It's September in the late 1950s. A cold, damp Sunday afternoon near the San Francisco Bay. A green and gold banner announces, "The Annual San Mateo County Fair and Floral Fiesta." Felicia, a woman in her early thirties, and her nine-year-old son Roger are making their way across the fairgrounds.

"Let's go on that." Roger is pointing at the Ferris wheel. Felicia glances upward, sees the seats rock back and forth, tells him she's afraid. On her left, thousands of white lights flash "Crafts 20 Great Shows," and Felicia shivers. Carnivals and circus clowns bring contrived thrills and forced laughter. Felicia can't remember when or where she learned this. Possibly another truism from Sister Mary Seraphia's third grade.

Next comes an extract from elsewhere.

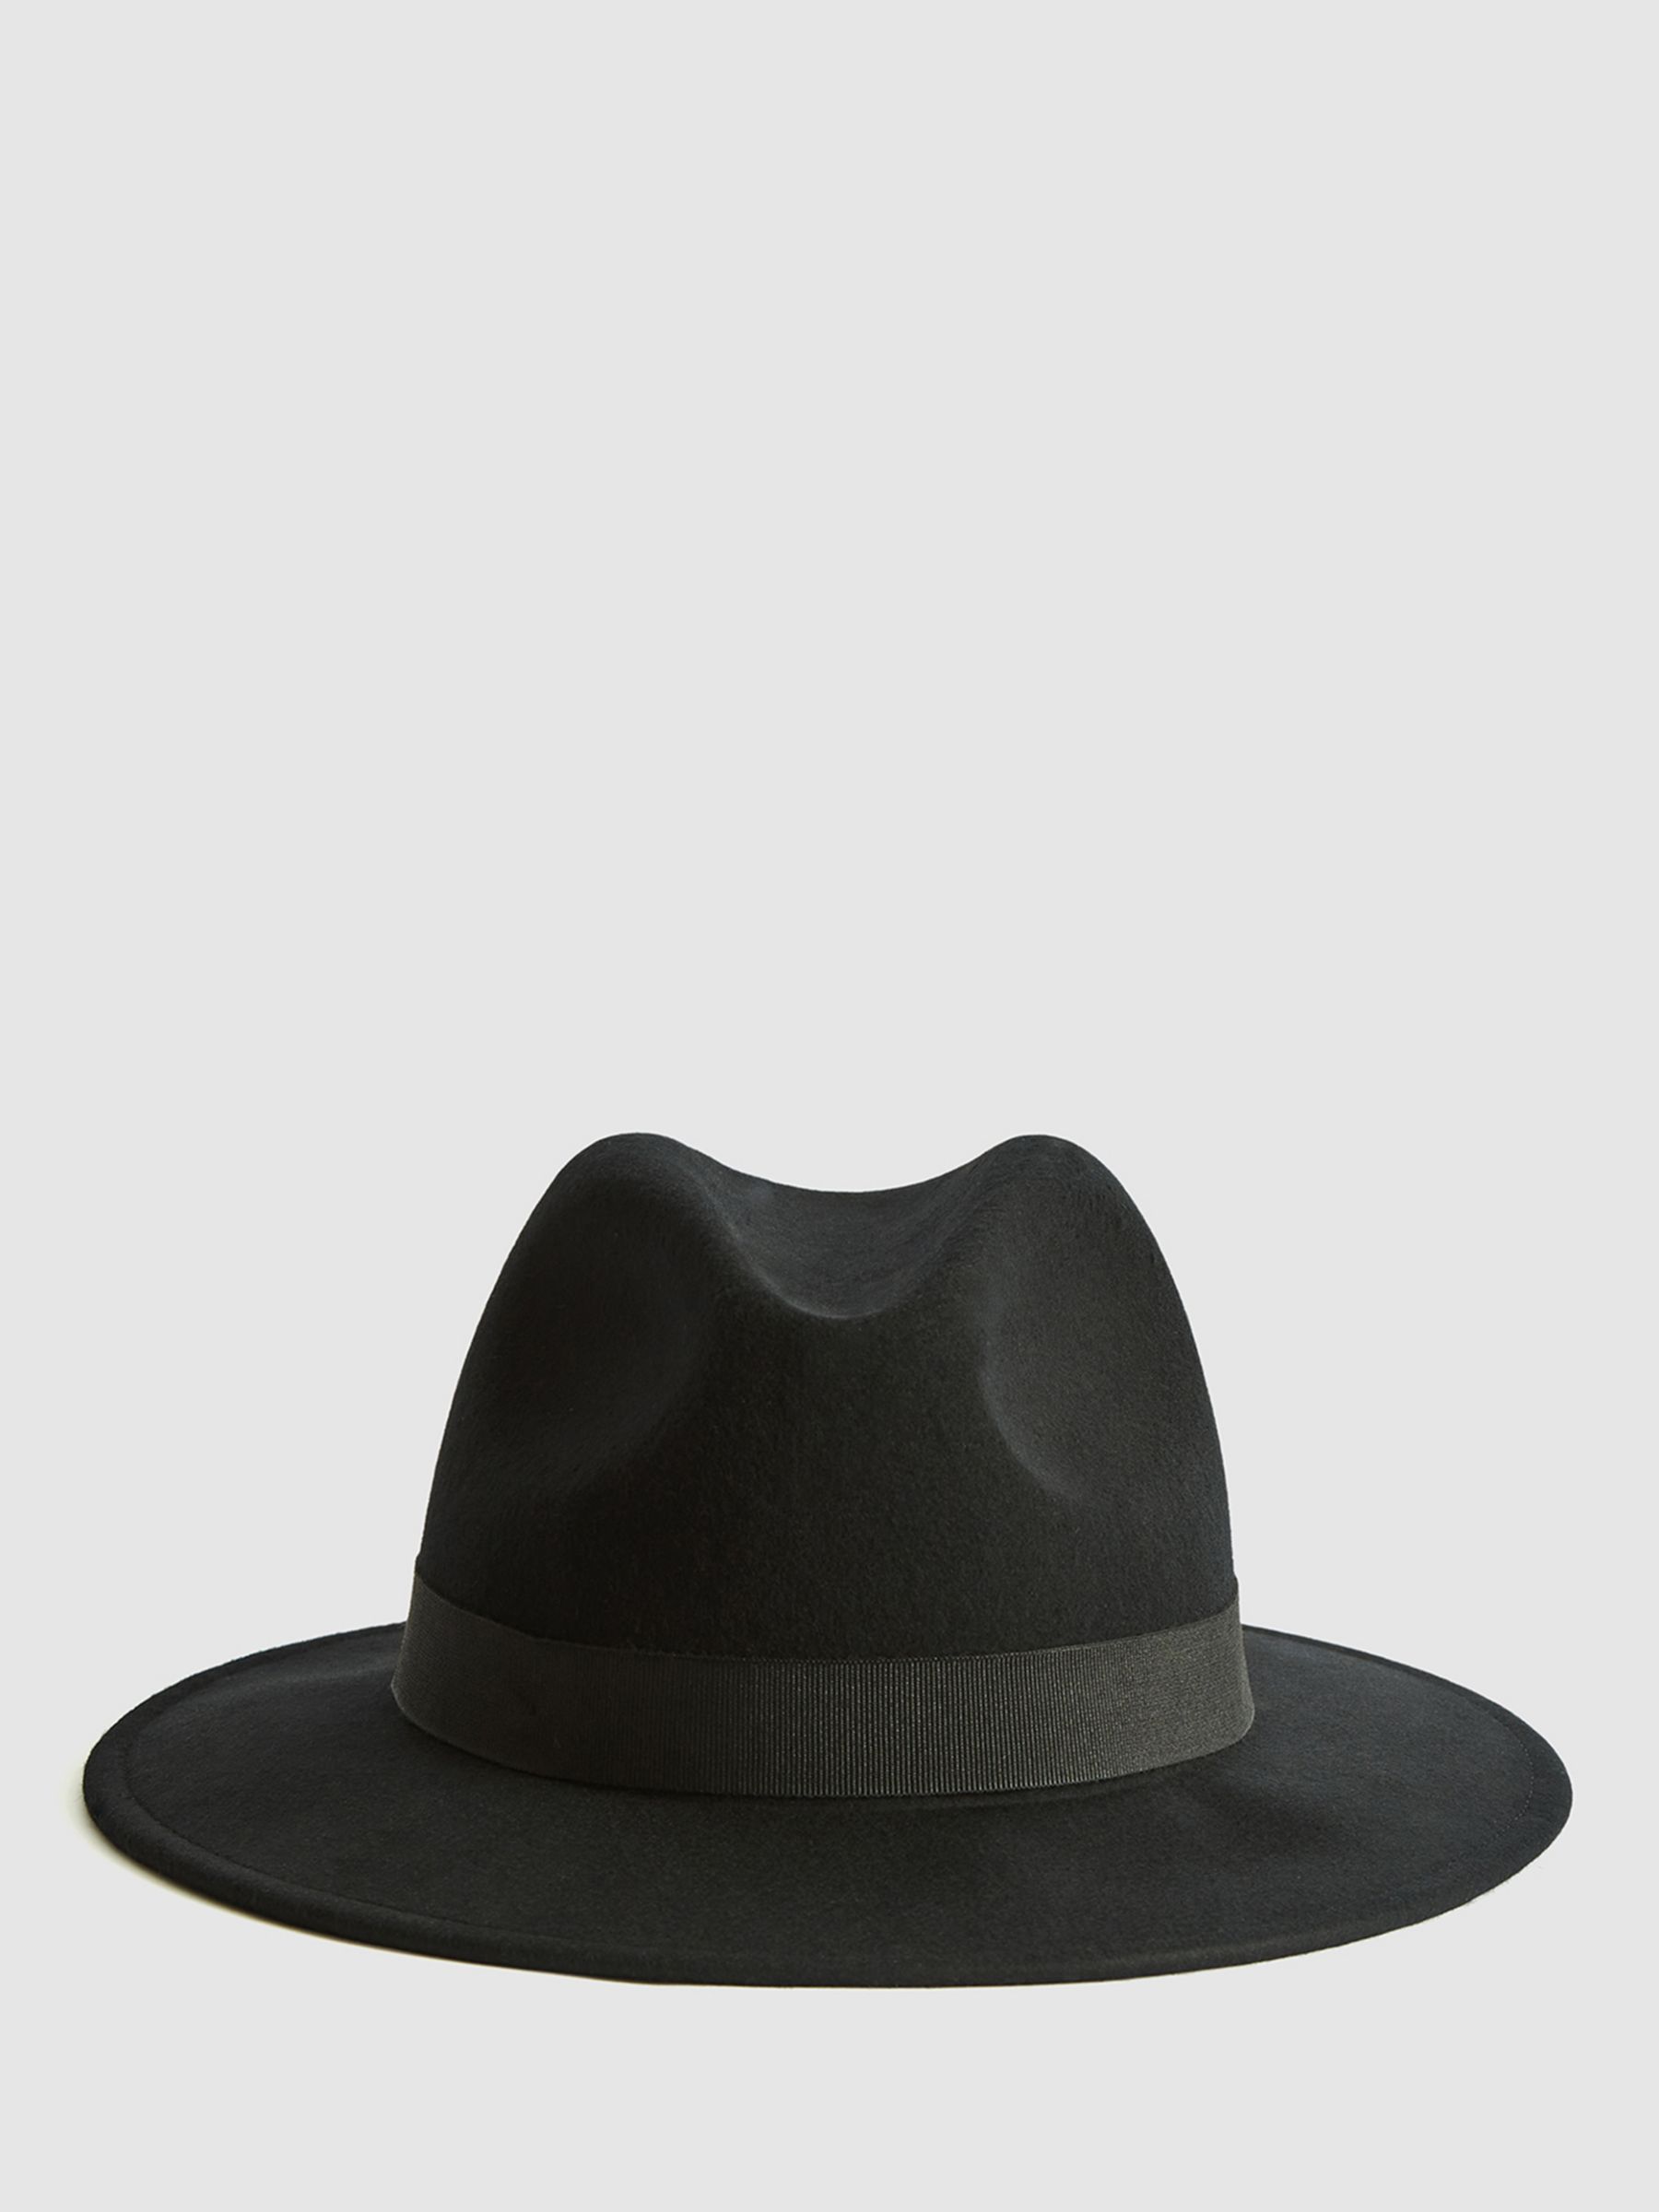 Reiss Ashbourne Wool Fedora Hat, Black, S-M

"Then I'll go. You watch from here." He starts toward the ticket booth.

She tells him about a woman who stood up on a wheel when it stopped. Roger turns back. She has his attention.

Felicia embellishes the tale, hoping to discourage him. "Then it started to move, and she was . . . decapitated."

Roger is taking a dollar from his Hopalong Cassidy wallet, money left over from a recent visit with his dad. He stops, appears to consider her story more seriously. "What's decapitated?"

"Her head fell off, that's what."

"Seriously?" He sees her smile, and they laugh.

Felicia backs down for the moment, thinking he knows how to get to her. "Maybe later you can go on it. Okay?"

Roger jams the money into his pocket, then turns and reluctantly follows her into a bright green Quonset hut. Inside the Fiesta Building, the smell of gardenias, roses, and carnations mingle with the fresh scent of pine.

Felicia stops to admire a miniature garden with a waterfall, a winding stream, and a tiny footbridge. The exhibit reminds her of childhood picnics in the Japanese Tea Garden at Golden Gate Park.

The outing is Felicia's idea, an extravagance she knows they can't afford. Now watching her son trudge along silently beside her, she wonders if it was a mistake. If she should be home like other moms. Her hair tied back in a red-and-white-checkered bandana, bending over a greasy stove, a can of EZ-Off in a gloved hand. Later mixing a batch of molasses cookies in a brown bowl with a white rim.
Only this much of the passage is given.